Results: A total of 7317 host and microbial proteins were detected. No statistically significant differences in FGT metaproteomic profiles were identified between adolescents and adults. Of the STIs evaluated, only T. vaginalis (n=19) was associated with significant host proteome changes, with 37 overexpressed and 81 underexpressed proteins. Overexpressed proteins mapped to immune pathways such as neutrophil extracellular trap formation (FDR adj. p=1.2x10-9). Candidiasis was associated with overexpression of only five host proteins. However, 231 proteins were significantly overexpressed and 539 underexpressed in BV-positive (n=111) versus negative women and girls (n=88). Overexpressed proteins mapped to inflammatory pathways including neutrophil degranulation (adj. p=2.9x10-5) and NF-kB activation (adj. p=2.4x10-4). Underexpressed proteins mapped to epithelial barrier functions including adherens junction (adj. p=0.0011) and cadherin binding (adj. p=8.14x10-7). BV-negative women had greater abundance of Lactobacillus proteins, while proteins produced by non-optimal Gardnerella and Prevotella species were more abundant in BV-positive women. A total of 418 microbial biological processes were differentially expressed in BV-positive versus negative women, including higher glucose metabolic process (adj. p=4.12x10-34) and killing of cells of another organism (adj. p=3.82x10-18). Lipoteichoic acid biosynthesis (adj. p=3.31x10-12) and peptidoglycan biosynthesis (adj. p=2.98x10-10), previously associated with low inflammation, were overexpressed in BV-negative women.

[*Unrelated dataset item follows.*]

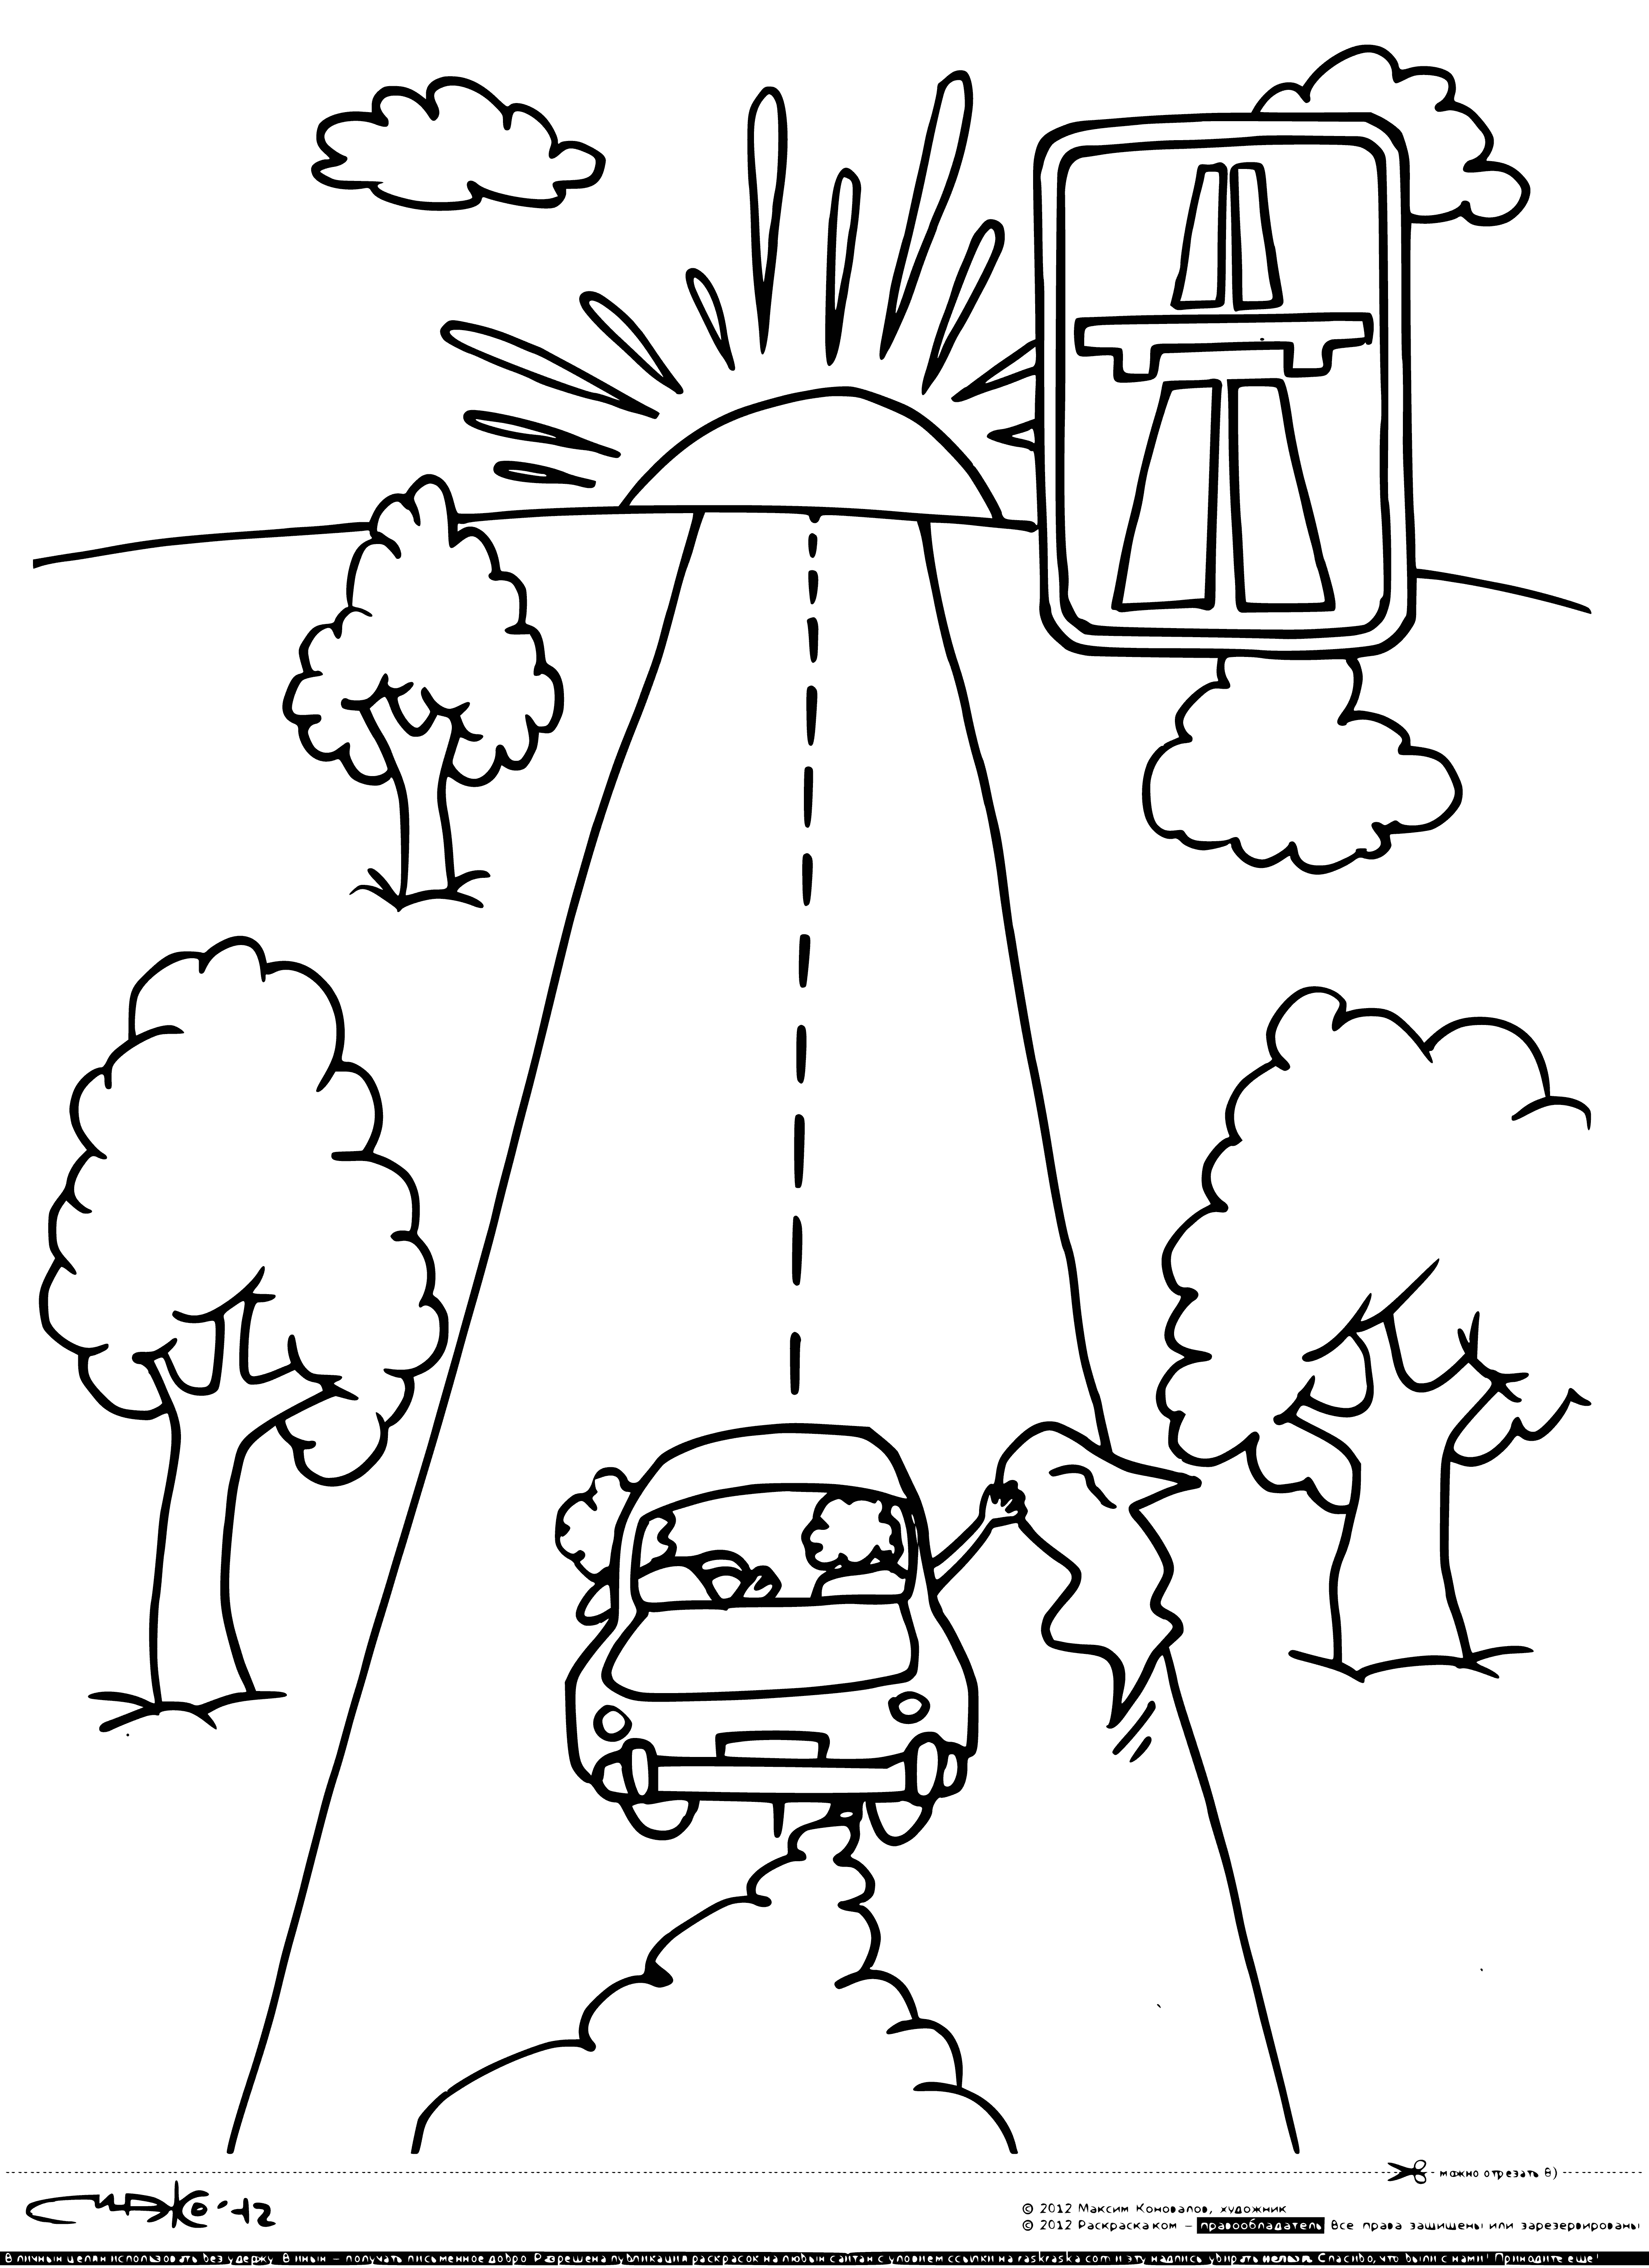 coloring page: No vehicles, yield, no pedestrians: 3 rectangles with symbols explain it all! #roadrules

Conclusion: Substantial alterations in host inflammatory pathways and epithelial barrier dysfunction associated with potential HIV acquisition risk were observed in women and girls with BV. Future studies of these microbiome-host interactions in larger longitudinal cohorts with HIV outcomes may confirm specific targets to reduce mucosal HIV susceptibility.